It had been nearly a week since Sanorë had arrived in Minas Tirith , and she was settling in nicely, she supposed. Her things were all unpacked and put away neatly in the small, comfortable room she was sharing with her cousin Ioreth.
She had gotten somewhat used to the noise of the city, something there hadn’t been too much of in Osgiliath. And, of course, if Sanorë ever saw something new, Ioreth was always on hand to instruct her.
Sanorë could hear the now-common, “Here in the city…” ringing in her ears almost constantly.
Sanorë was always awakened every morning by Ioreth bouncing out of bed, grinning and babbling as usual. This morning, however, it was her tall, grave uncle Belegnor who came striding in while it was yet dark outside.
“Sanorë,” her uncle said, gently shaking her. “Are you awake?”
“Unnng..” Sanorë answered groggily, unable to open her eyes. Her eyelids felt like they had weights on them, and her head spun. She didn’t know why.
“Good,” her uncle said. “Today you start at the Houses of Healing, dear. You will go with Ioreth, just as soon as you dress and eat your breakfast.”
Sanorë was suddenly, unpleasantly, awake. She had been dreading this day since the first time her father mentioned it.

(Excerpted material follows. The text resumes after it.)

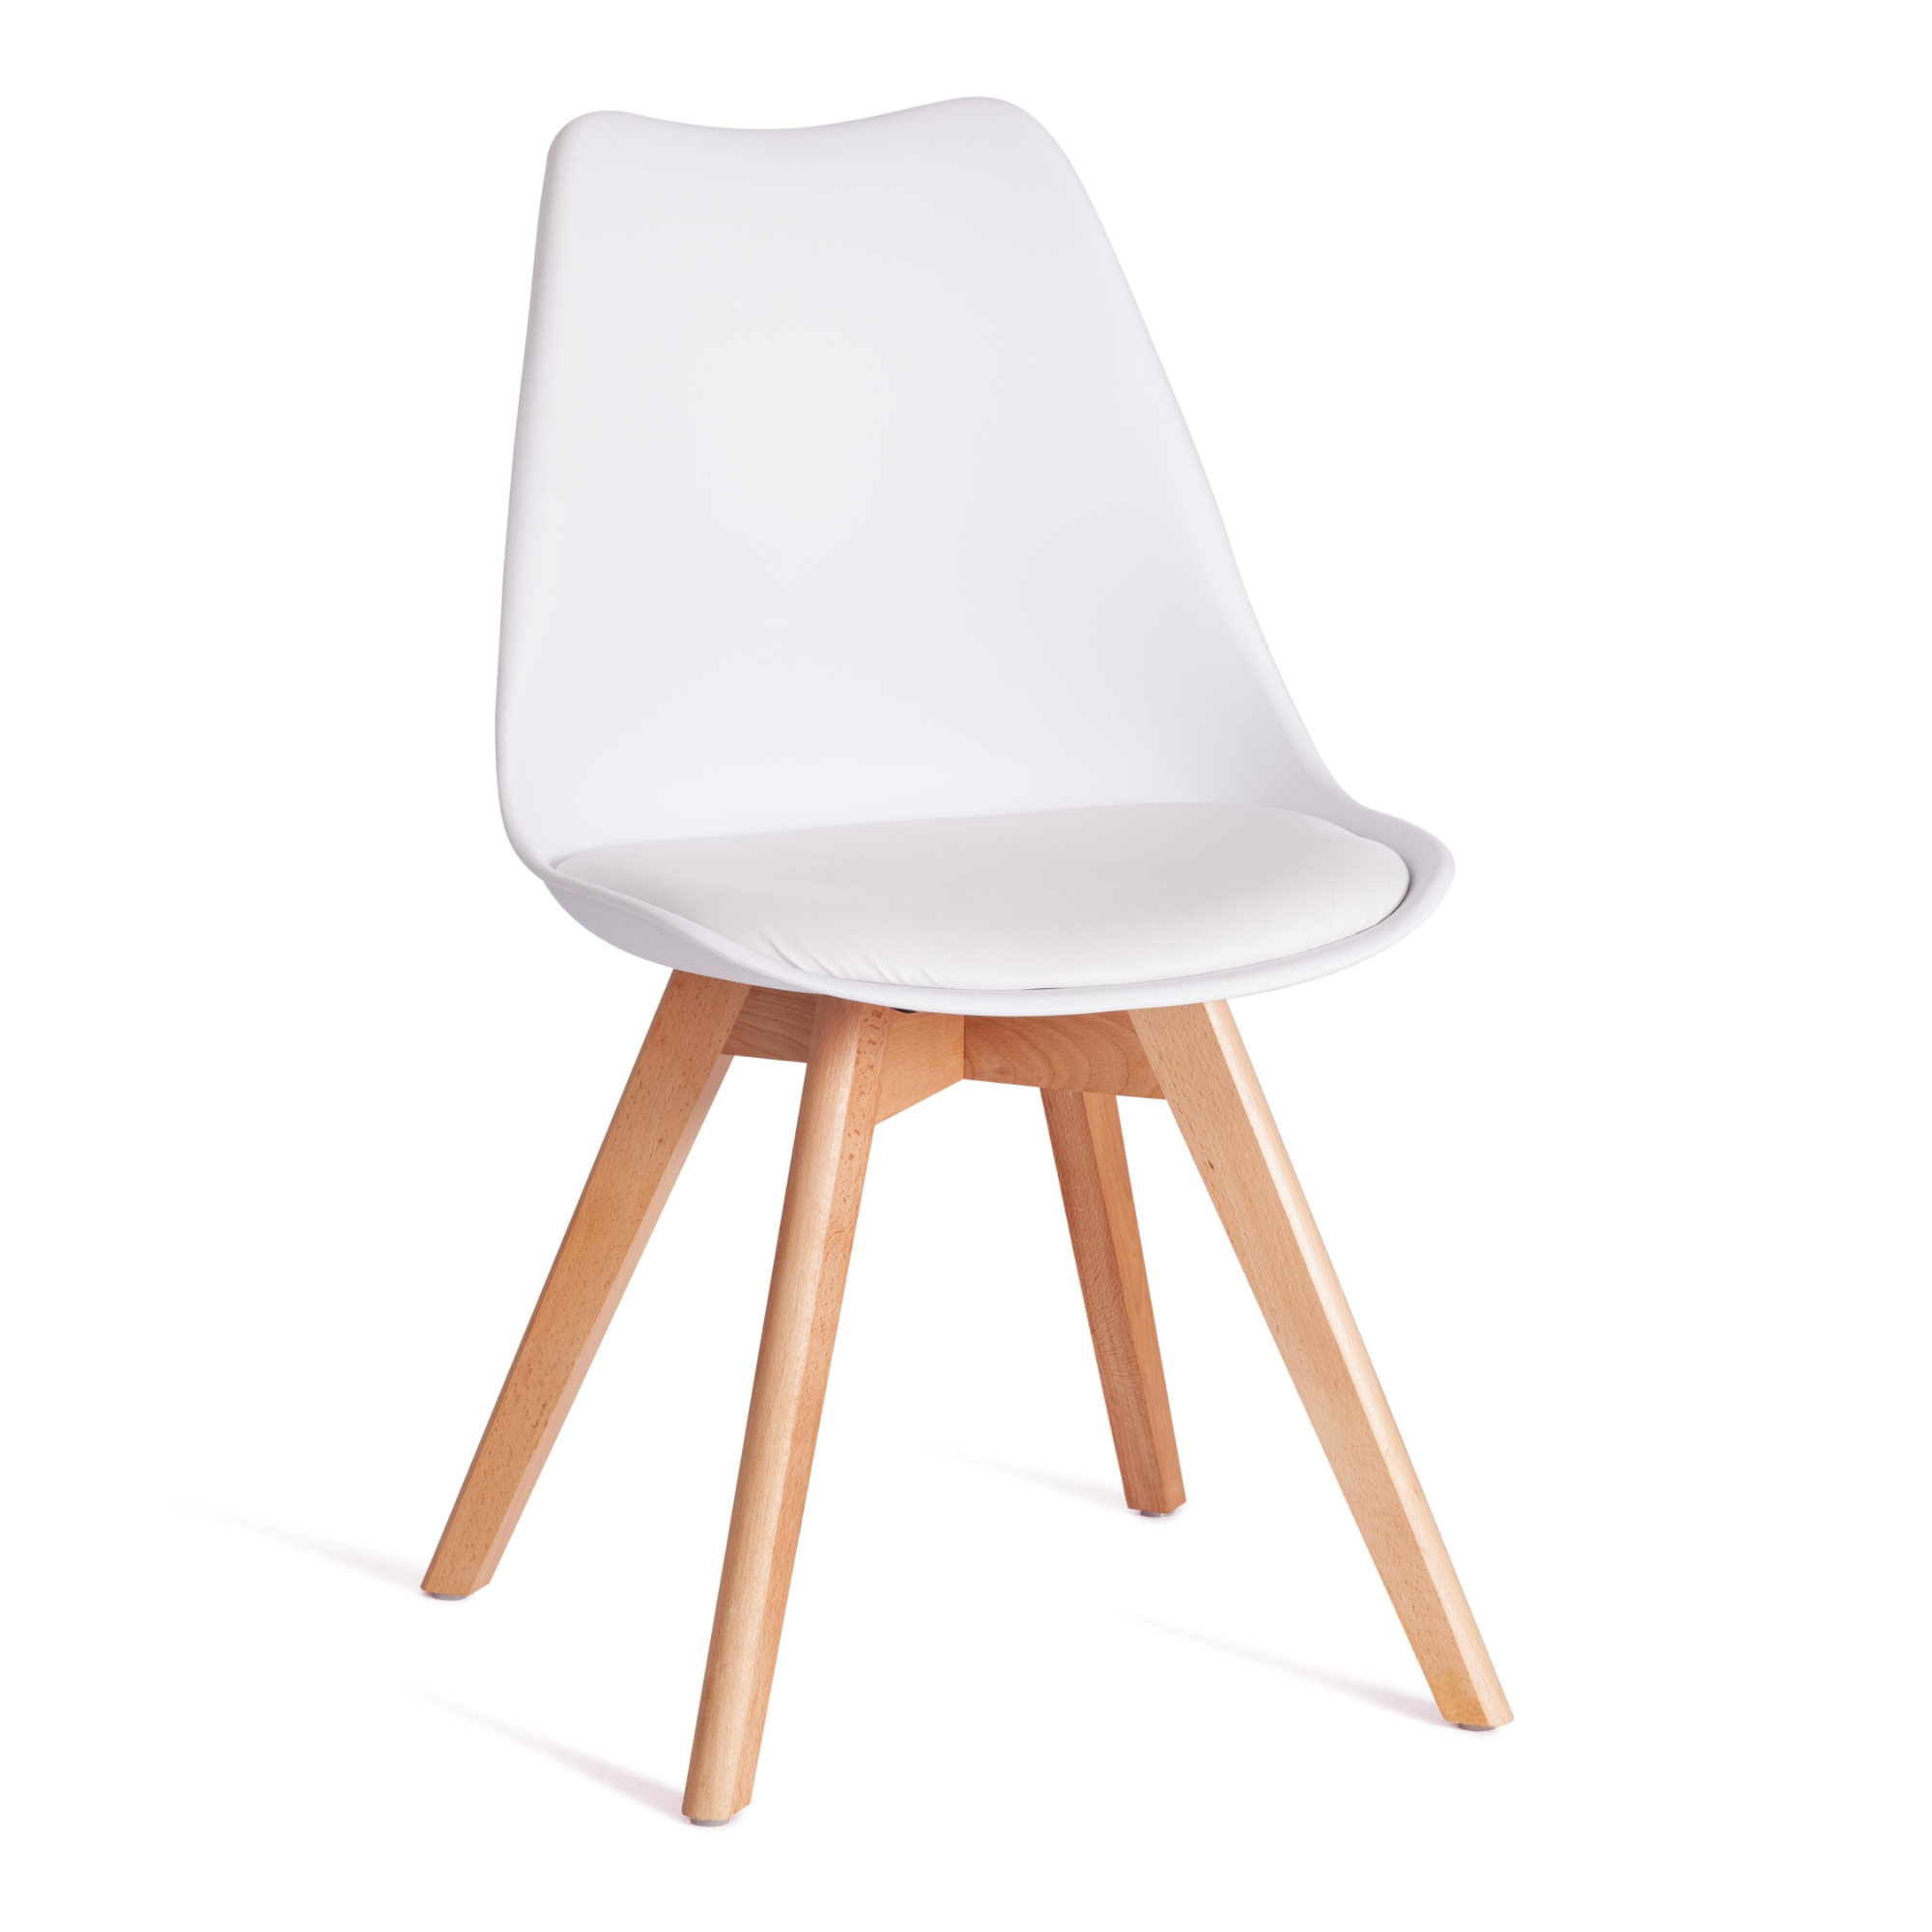 стул для кухни harbour пластик серый ножки дерево Стул ТС белый из дерева, пластика, экокожи 47,5x55x80 см

“Must I?” she groaned into the pillow.
Her uncle evidently took the muffled statement to be agreement, for he patted her once on the back and exited the room. Sanorë heard his heavy footfalls receding down the hallway as she unwillingly got to her feet.
Looking remorsefully at the cushy bed, she selected a rather plain brown dress from her half of the closet, and pulled it on after slipping out of her nightgown. She ran a hand quickly through her brown mop of curls and put her feet into her shoes.
After washing her face and eyes, Sanorë declared herself ready.. or as ready as she was likely to get, she amended.
She made her way to the tiny kitchen where Ioreth was already at work preparing the morning meal.
“Mornin’, Ioreth,” Sanorë said, as cheerfully as she could manage. She’d never been a morning person.
“Good morn to you, Sanorë,” Ioreth said happily, the early hour having no effect on her sunny disposition at all. “Hungry?”
“No, not much,” Sanorë said. How can she possibly be wanting food at this hour?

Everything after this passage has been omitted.